**WHAT YOU HAVE TO DO**
Using the records below, give again exactly the lines from the line that contains "blonde junge Frau, die" through the line that contains "Hepar-Magnesium D4", both ends included, and only those.

**INFORMATION SHOWN**
--------------------
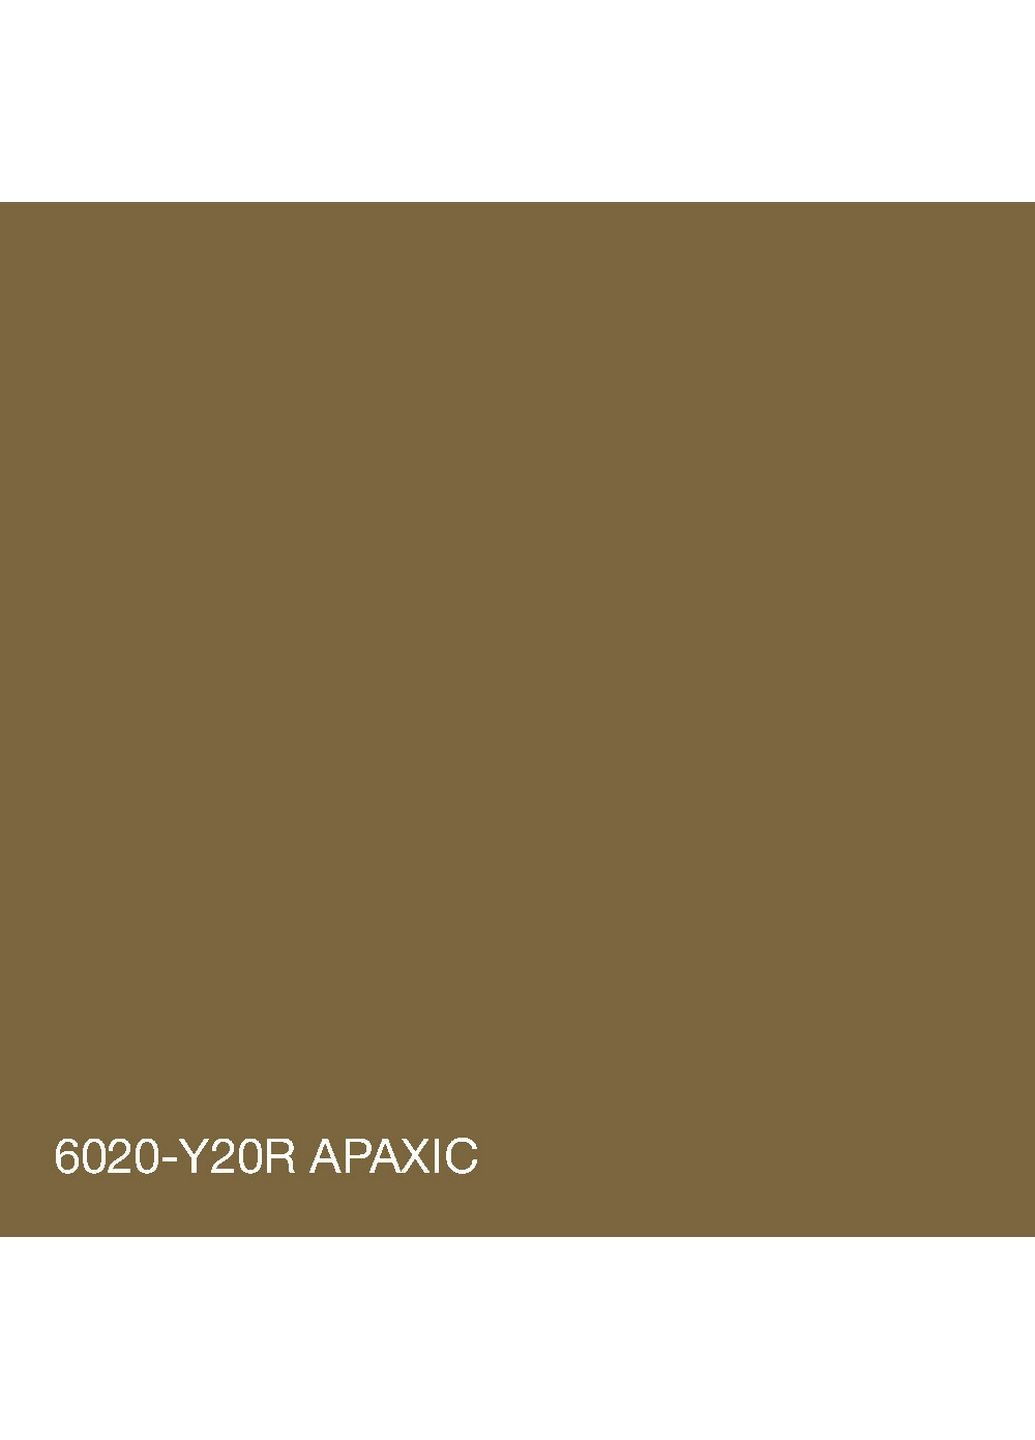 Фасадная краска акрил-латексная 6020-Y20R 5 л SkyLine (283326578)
--------------------
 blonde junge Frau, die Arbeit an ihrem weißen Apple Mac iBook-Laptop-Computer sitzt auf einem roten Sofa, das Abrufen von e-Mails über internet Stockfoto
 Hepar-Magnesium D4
--------------------
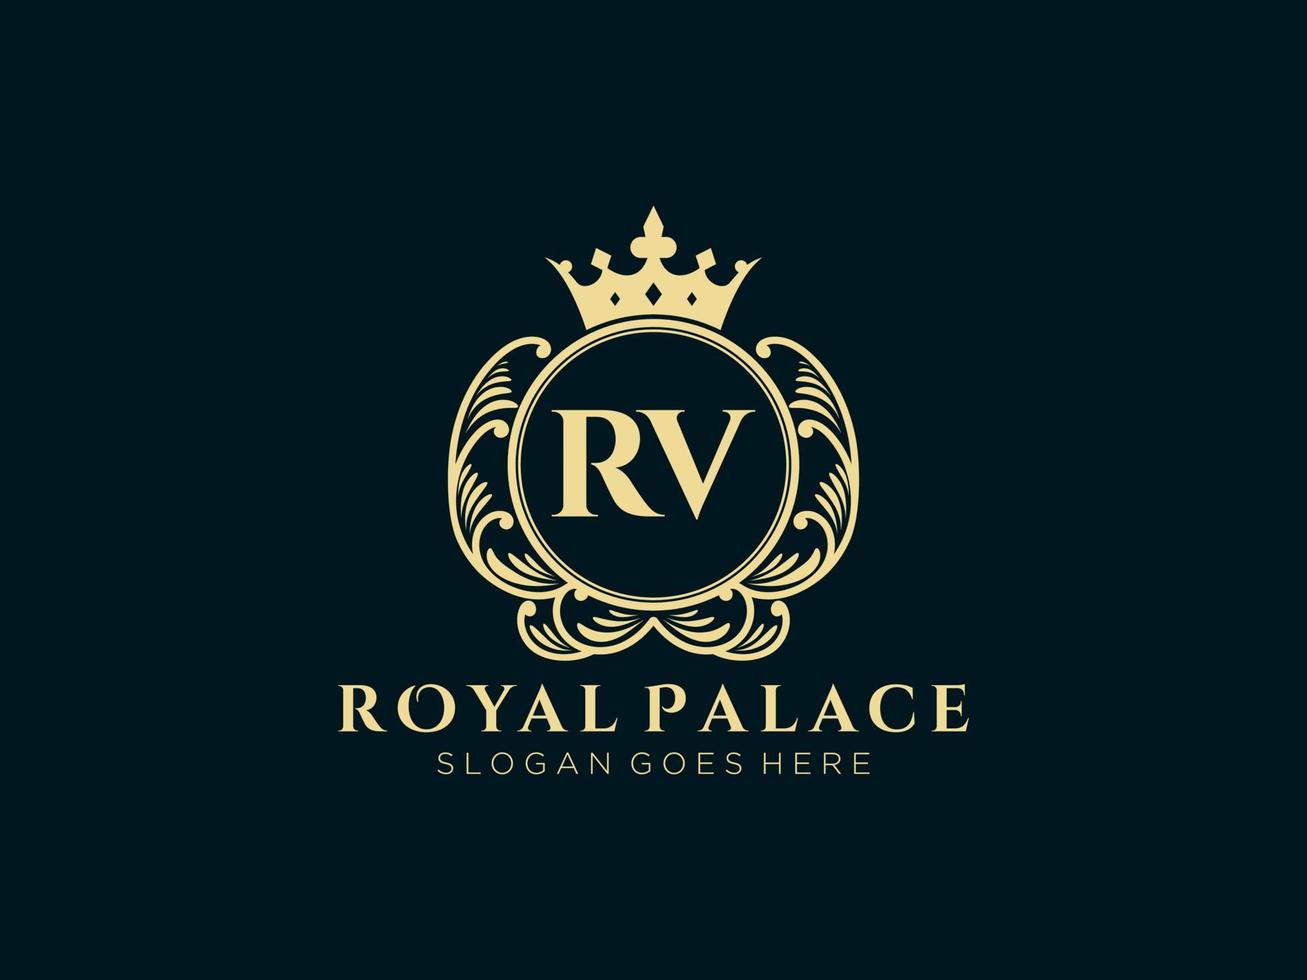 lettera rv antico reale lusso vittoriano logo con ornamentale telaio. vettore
--------------------
**EXERCISE SOLUTION**
 blonde junge Frau, die Arbeit an ihrem weißen Apple Mac iBook-Laptop-Computer sitzt auf einem roten Sofa, das Abrufen von e-Mails über internet Stockfoto
 Hepar-Magnesium D4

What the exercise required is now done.